Instability of hairy black holes in spontaneously-broken Einstein-Yang-Mills-Higgs systems

TL;DR

This paper investigates the stability of hairy black holes in Einstein-Yang-Mills-Higgs systems, demonstrating their inherent instability through a novel Schrödinger-type perturbation analysis that does not require explicit solutions.

Contribution

It introduces a generalized method to analyze linear stability of black holes in complex field systems without needing explicit solutions.

Findings

Bound states in perturbation equations indicate instability.

Method applies to a broad class of hairy black holes.

No detailed black hole solutions are necessary for stability analysis.

Abstract

The stability of a new class of hairy black hole solutions in the coupled system of Einstein-Yang-Mills-Higgs is examined, generalising a method suggested by Brodbeck and Straumann and collaborators, and Volkov and Gal'tsov. The method maps the algebraic system of linearised radial perturbations of the various field modes around the black hole solution into a coupled system of radial equations of Schr\"odinger type.
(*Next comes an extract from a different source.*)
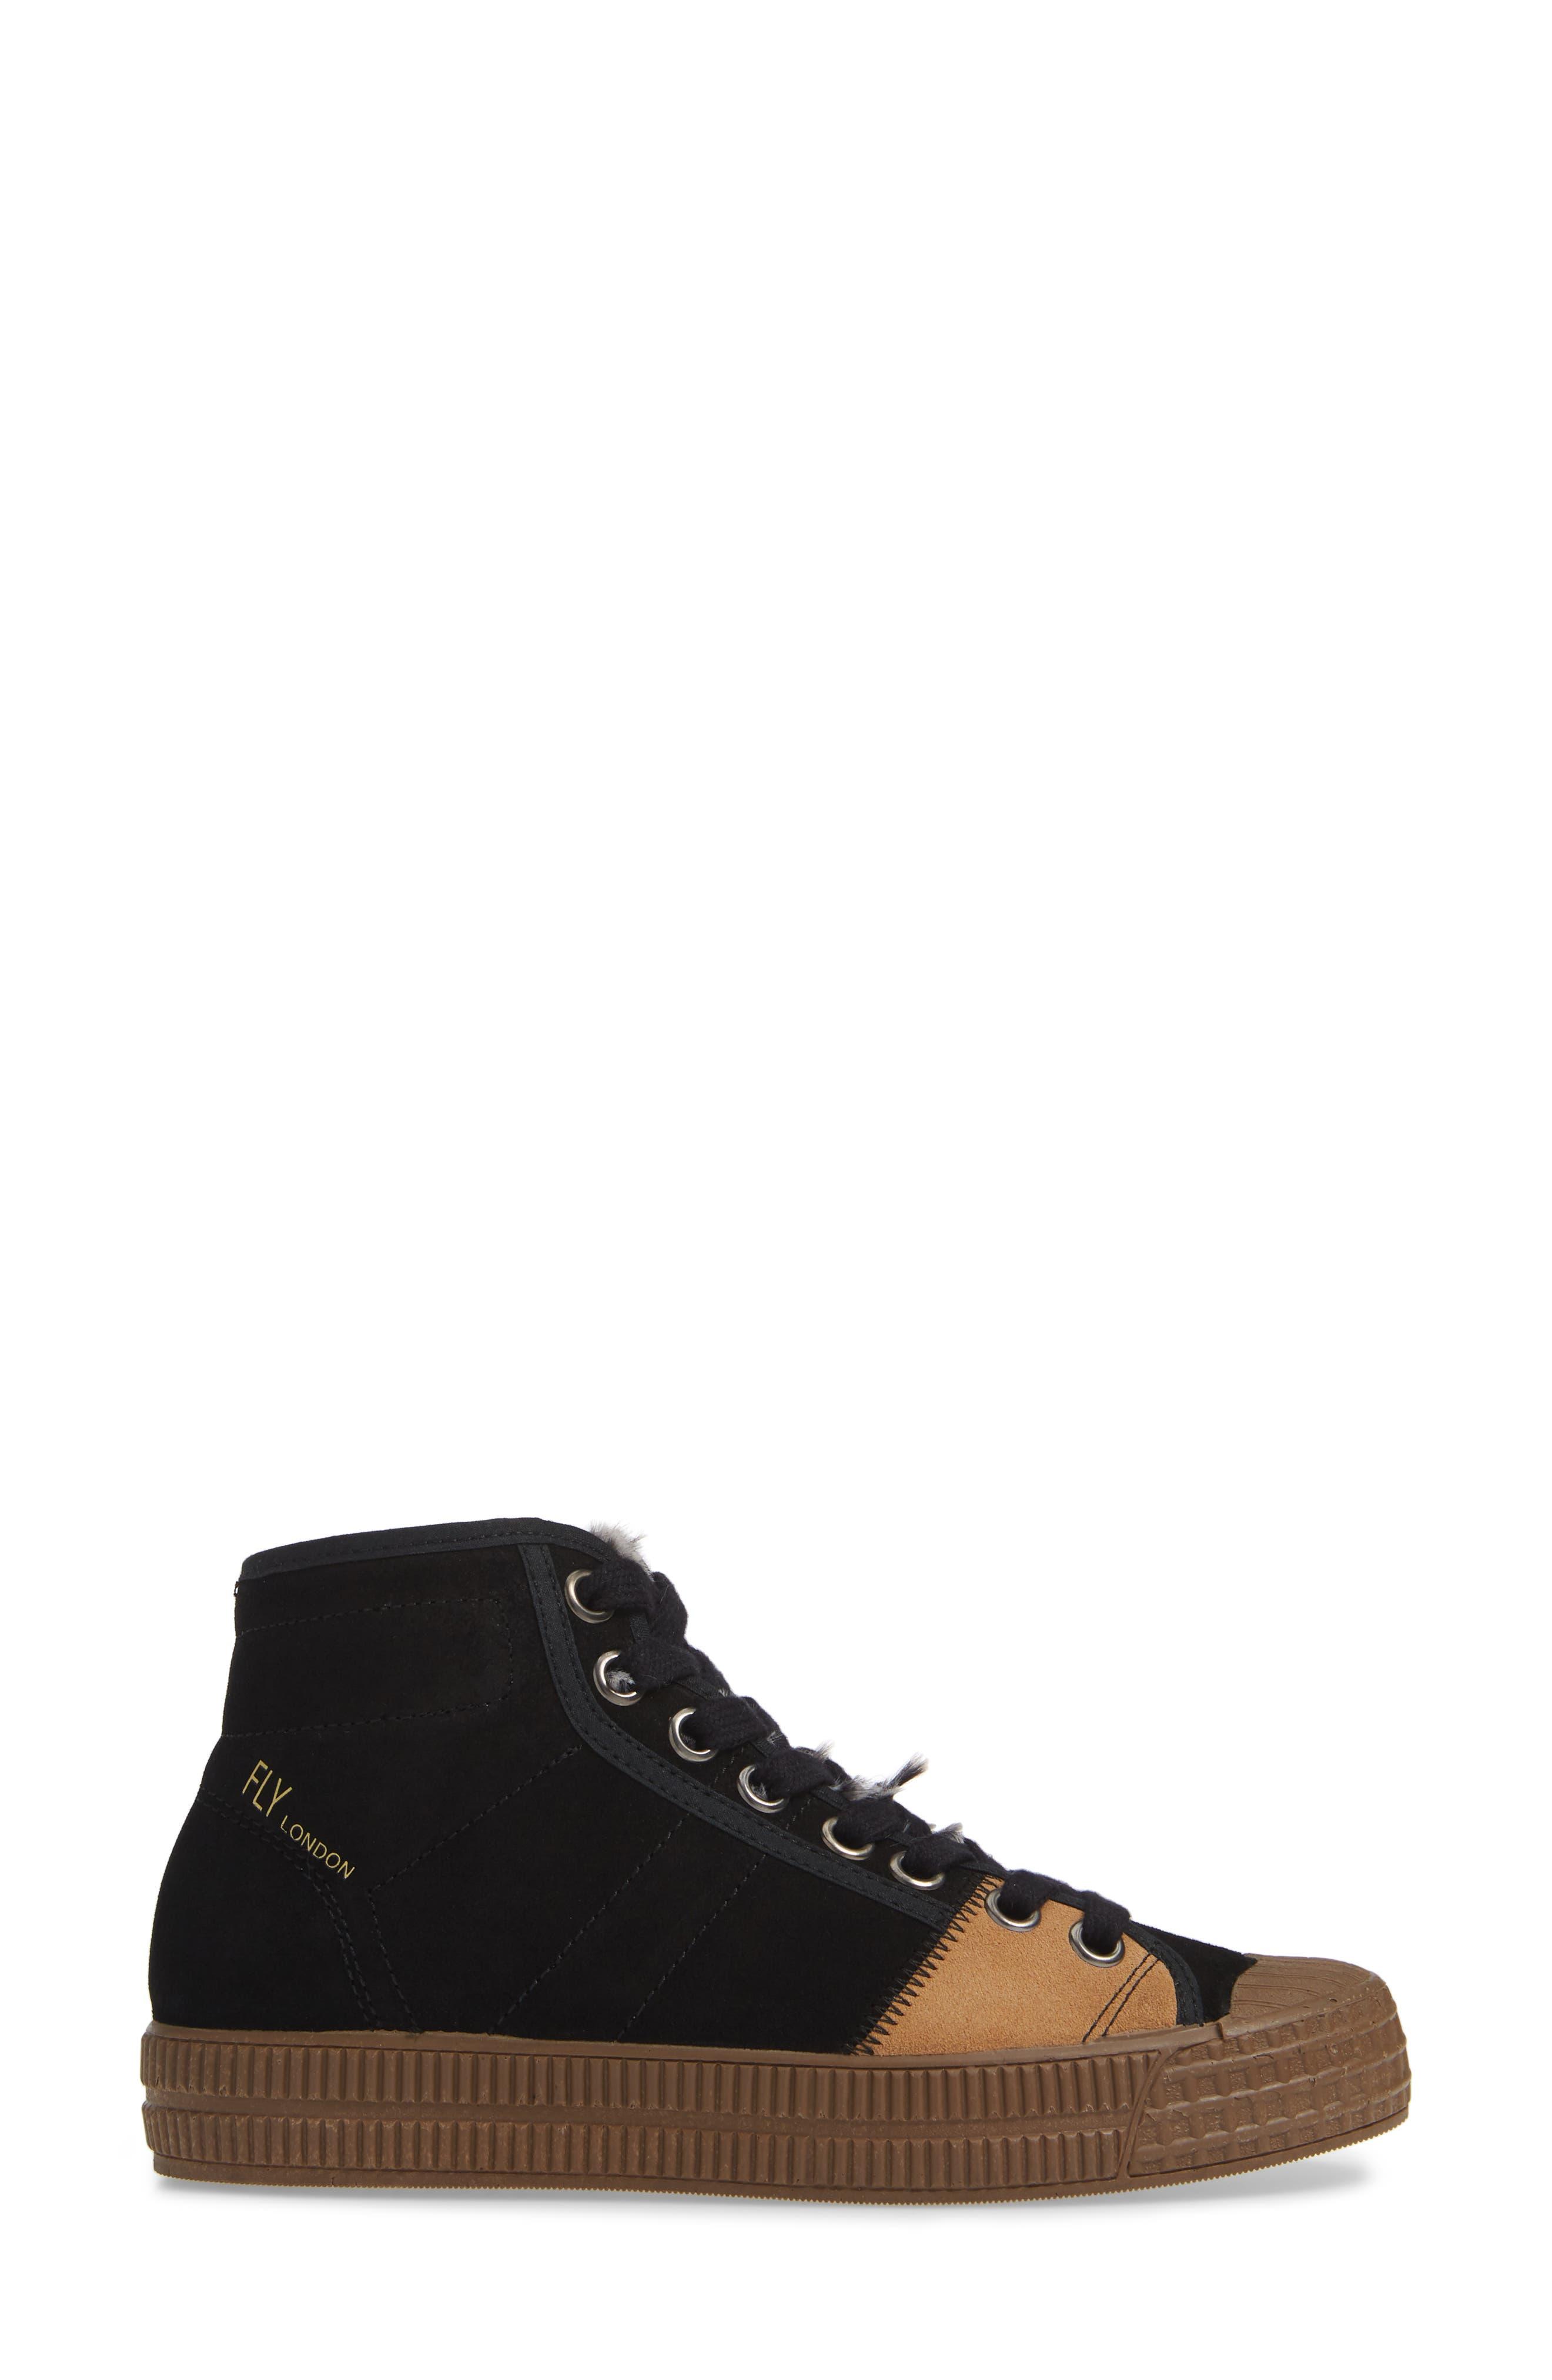 Femp High Top Sneaker,                             Alternate thumbnail 3, color,                             BLACK/ CAMEL SUEDE

No detailed knowledge of the black hole solution is required, except from the fact that the boundary conditions at the physical space-time boundaries (horizons) must be such so as to guarantee the {\it finiteness} of the various expressions involved. In this way, it is demonstrated that the above Schr\"odinger equations have bound states, which implies the instability of the associated black hole solution.